1.

        年轻的、书卷气的小绅士分化得有些——好吧,是很晚,在此之前所有人包括他自己都以为他是个平庸的工蜂Beta。也没什么不好的,克莱恩、周明瑞想,节省一笔额外抑制剂的支出,能正常工作的时间也更长。

        但事情发展总是会出现些小意外的,克洛托喜欢意外——也许,毕竟谁也说不好这里的命运归不归他管。

        2.

        克莱恩最初没弄明白那些味道是什么——他总是隐隐约约闻到房间里的柠檬那种充满芸香科果实特点的清淡而富有覆盖性的香气和红茶温润的味道,像是.......甜冰茶。
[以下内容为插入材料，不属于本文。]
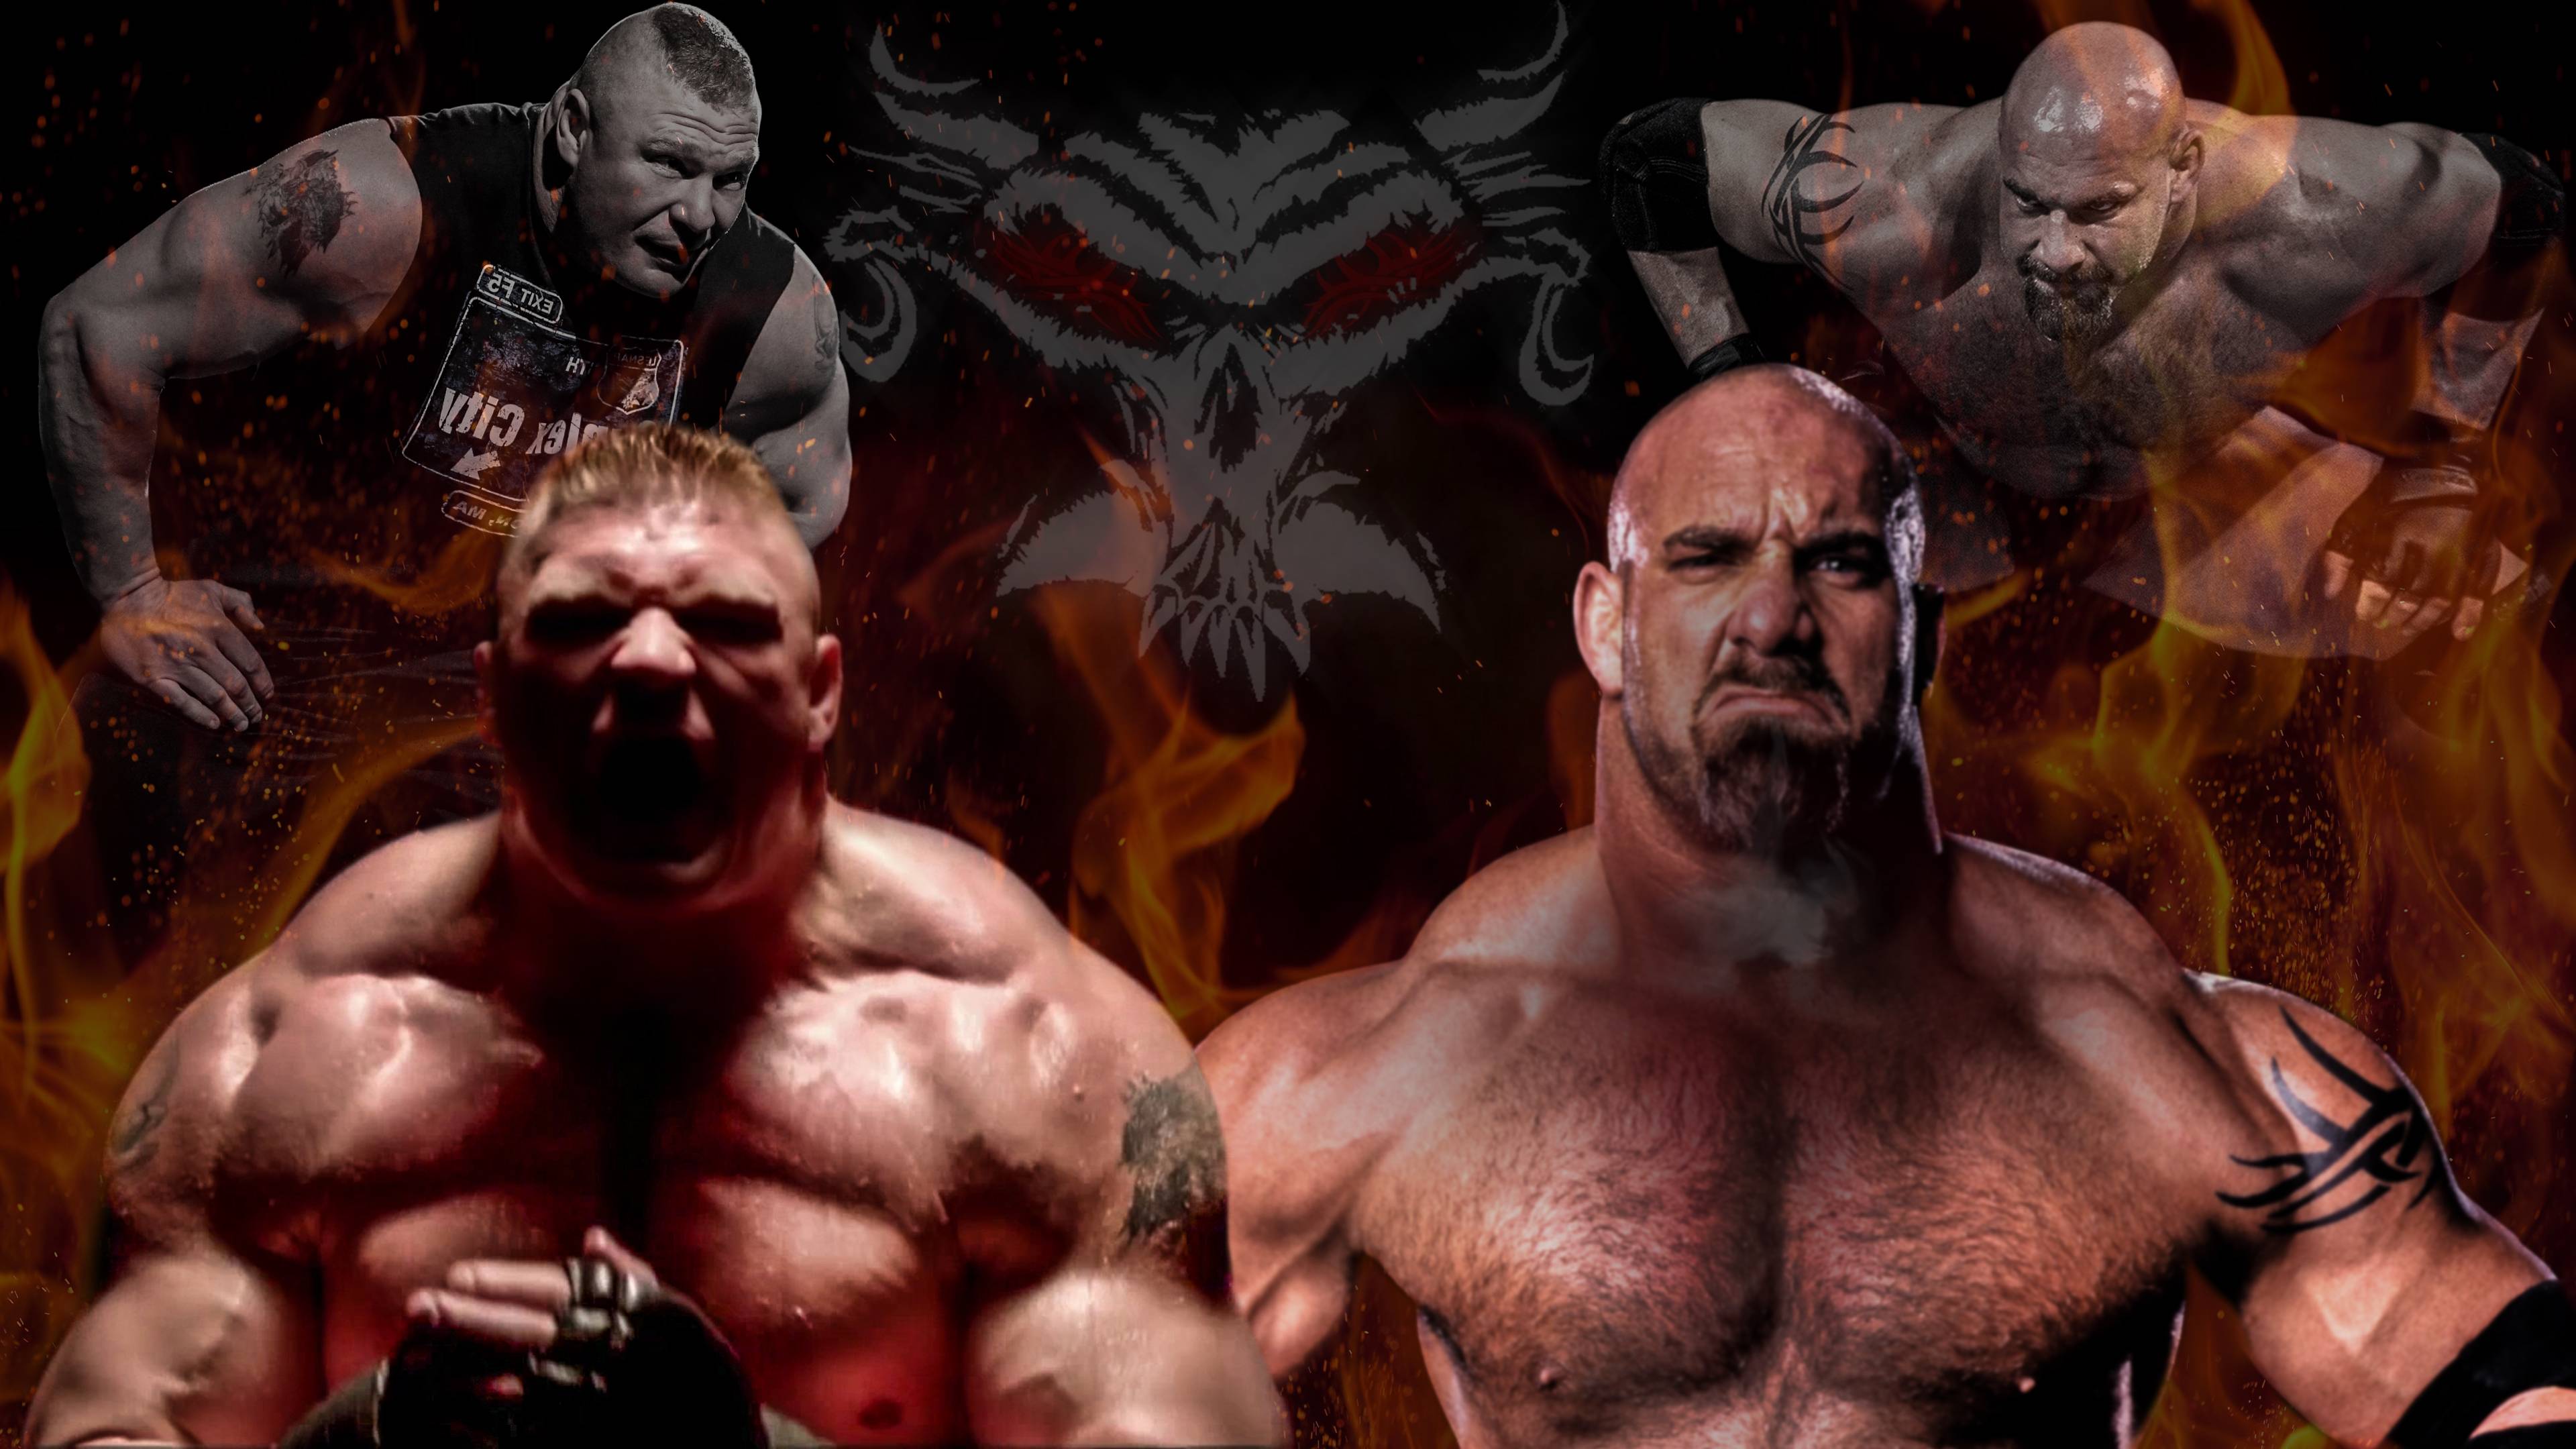 I just made my first wallpaper - Brock Lesnar vs Goldberg. What

但那不是阿兹克看起来会喝的东西,他是连咖啡都只加牛奶不加糖的选手,在克莱恩的记忆里,这位教员就没有自己动过他的糖罐,准备大概率都只是出于方便别人的绅士风度。

        他困惑地寻找了片刻,最终归结于错觉。

        但错觉并没有消散,反而愈演愈烈起来,伴随着身体里莫名涌动起不容忽视的热潮,直到连迟钝且专注于工作的Beta都察觉到了异常。

        “克莱恩......?”阿兹克有些迟疑地对这些异常点分析,并给出判断,“你是,易感期了吗?”

        初次经历易感期且极度缺乏必需常识的Alpha显得茫然又无措,既无力控制叫嚣着充斥着整个房间的信息素——感谢女神,克莱恩的信息素味道不是Alpha普遍的呛人,否则早该把人熏晕过去了,也窘迫地面临着无法掩饰的第一性征正在发生的生理变化。

        阿兹克很快反应过来,麻利地关紧大门并挂上示警标识,从应急箱里掏出信息素消除剂开始喷洒:“还能控制吗?我去给你买抑制剂,控制呼吸,看点别的转移注意力,需要我把你反锁在屋子里吗?”

        房间的两位主人都是Beta,准备有信息素消除剂就已经证明霍伊大学教授的严谨敬业程度了,抑制剂可不是什么生活必需品,价格可观保质期限还不长,是在不能指望他们有。